Question

Choose the correct graph of the given systems of equations.

y-2x = -1
2y - x = 4
Select one:
O a.
O b.
a
(0, -1) One Solution
b
(2,3) One Solution
P

Answer 1

The correct graph for the system of equations y - 2x = -1 and 2y - x = 4 is the one showing the intersection point at (2, 3).

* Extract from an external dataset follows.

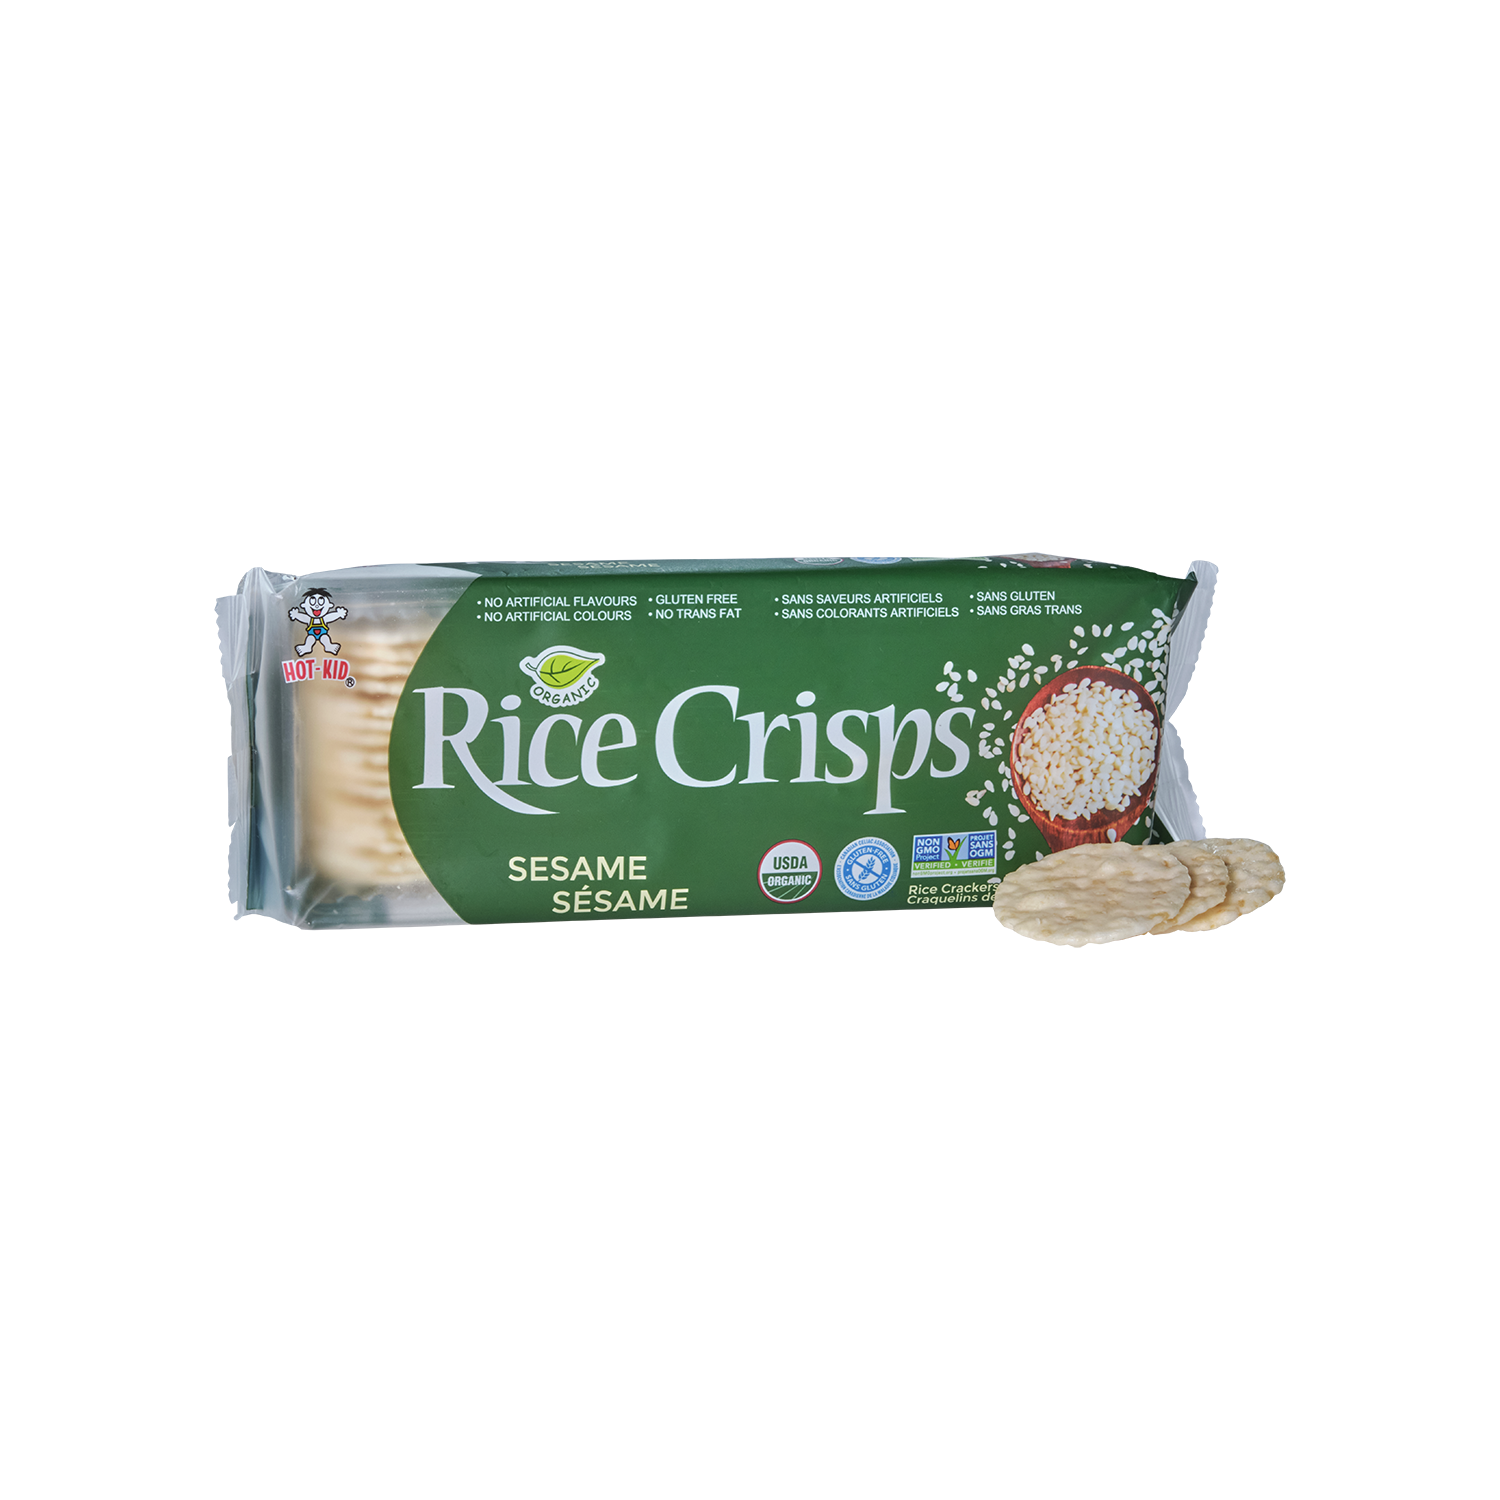 Organic Rice Crisps Sesame - Gold Quality Award 2023 from Monde Selection

By solving the equations, we find that this point is the solution to the system, matching graph b.

Step-by-step explanation:

To choose the correct graph for the system of equations y - 2x = -1 and 2y - x = 4, we need to first solve the equations to find the point of intersection, which will represent the solution to the system of equations.

Step-by-step solution:

1. Rewrite the first equation in slope-intercept form (y = mx + b):
   y = 2x - 1.
2. Rewrite the second equation in slope-intercept form:
   2y = x + 4
   y = (1/2)x + 2.
3. Set the two equations equal to each other to find the x-coordinate of the intersection:
   2x - 1 = (1/2)x + 2.
4. Solve the above equation for x:
   2x - (1/2)x = 2 + 1
   (3/2)x = 3
   x = 2.
5. Substitute x = 2 into one of the original equations to find y:
   y = 2(2) - 1
   y = 3.
6. The solution to the system is (2, 3), so the correct graph must have these coordinates as the point of intersection.

Based on the solution, graph b is correct because it shows the point of intersection (2, 3) which is the one solution to the system.